Obama and Hu need to take the lead on tackling climate change

Greenpeace calls on US and China presidents to attend Copenhagen climate summit

Press release - 31 March, 2009
Presidents Barack Obama and Hu Jintao’s first meeting on 1 April, is a key opportunity for the world’s two largest greenhouse gas emitters to lead the way on tackling climate change.

 

While Obama and Hu are meeting at a critical time in London,the first in a series of United Nations climate negotiations began in Bonn this week, which culminate with the Climate Summit in Copenhagen in December where negotiators will agree the next stage of the Kyoto Protocol.

“To save the climate, we need strong leadership from Obama and Hu. We need them to take personal responsibility and agree to attend the Copenhagen Climate Summit and work with world leaders to come up with a strong binding treaty to fight climate change,” said Karen Sack, Greenpeace International Political Director.

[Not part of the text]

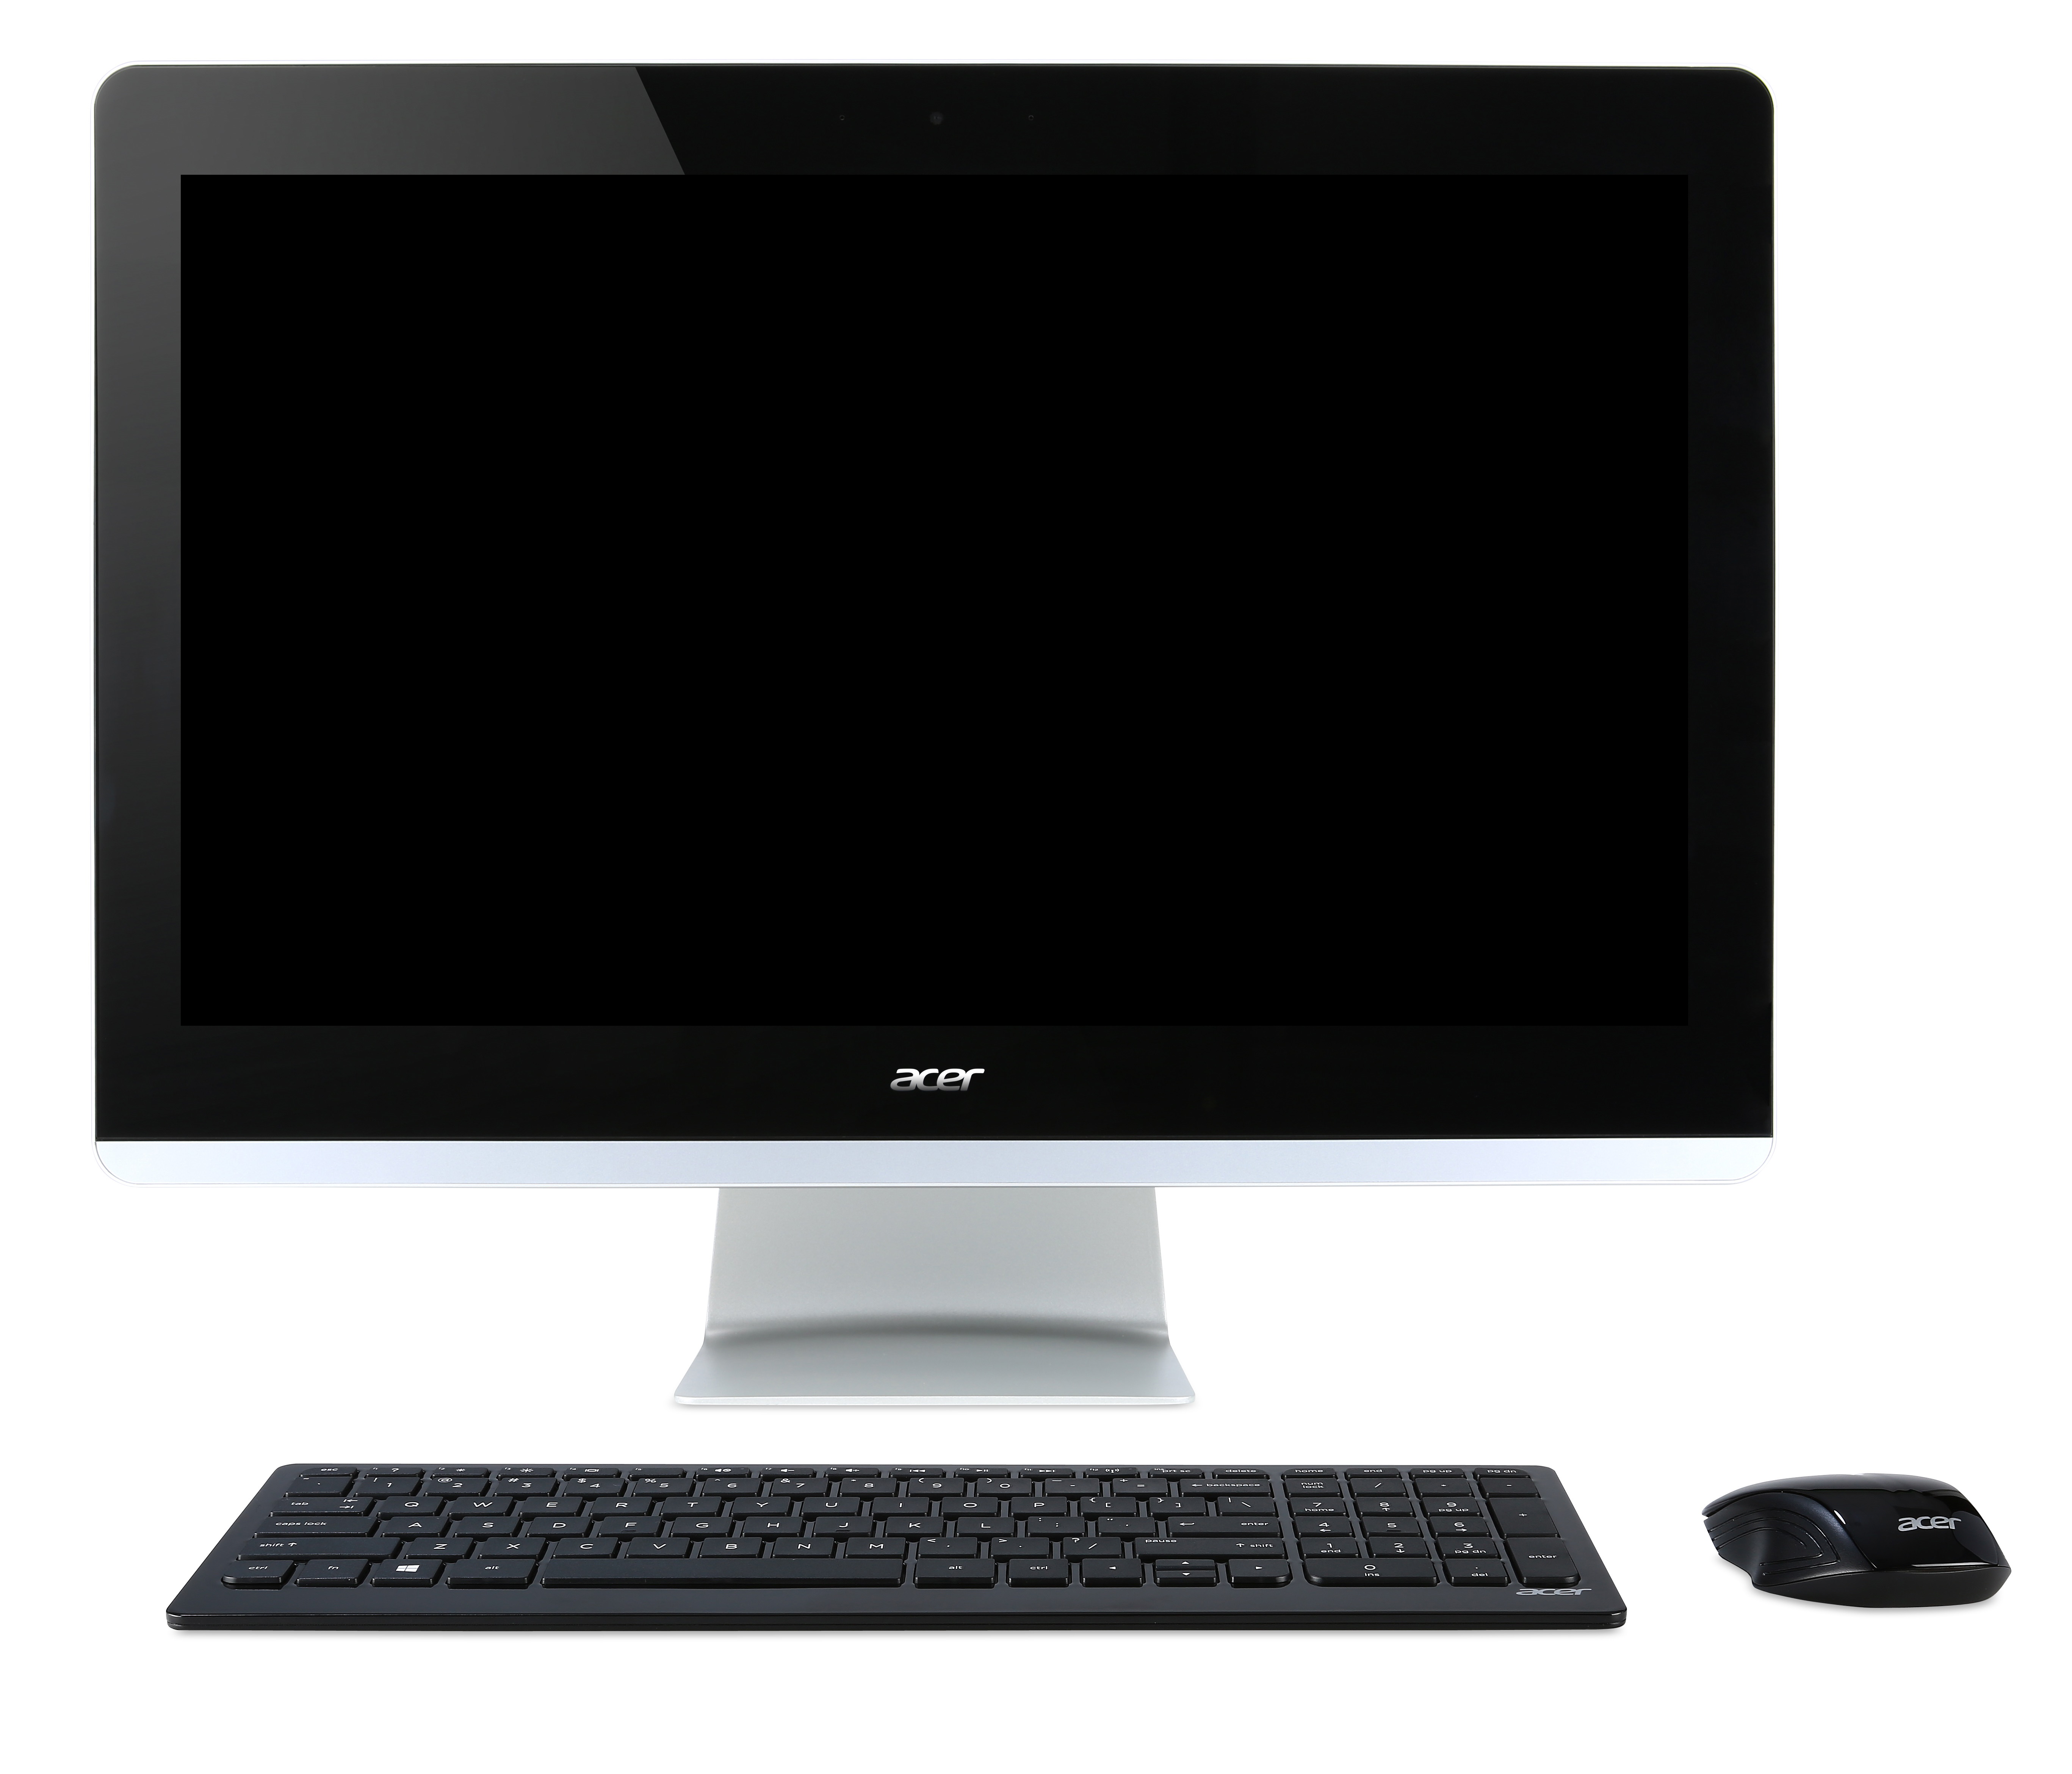 Черные моноблоки acer. Моноблок Acer Aspire z3-710. Acer Aspire z20-780. Компьютер моноблок Acer Aspire z3-715. Персональный компьютер-моноблок Acer, модель:vz4880g.

“A jointUS/China commitment to avert runaway climate change, including securing the necessary funding and a call to other world leaders to join them, could be the critical step that breaks the stalemate and leads to a legacy of climate protection,” she stressed.

Changes in the environment are already being witnessed,including the rapid melting of the Arctic summer sea ice, making it clear that the threat of catastrophe is far more immediate than anyone imagined.

Even though both countries are already acting on renewable energy, more urgently needs to be done. China needs to work towards a larger renewable energy target of 30% by 2020 to help move it away from coal, the most climate-changing fossil fuel.

The US must commit the substantial funding necessary to help developing nations leap-frog dirty energy and usher in a sustainable clean energy future. And it must lead the way to that future by committing to meaningful emission reductions at home in line with the Intergovernmental Panel on Climate Change’s findings that to have a chance of averting climate disaster we must keep global temperature rise below 2 degrees Celsius.

If catastrophic climate change is to be averted, leaders need to agree at Copenhagen that developed countries, as a group, must agree to cut emissions by 40% by 2020. And developing countries must also take ambitious action to ensure global emissions not only peak by 2015, but fall to as close to zero as possible by mid-century. To do this, along with ending deforestation and adapting to the already inevitable climate impacts, developing countries will need financial support from the developed world. This figure needs to be in the region of US$140 billion (€110bn) a year.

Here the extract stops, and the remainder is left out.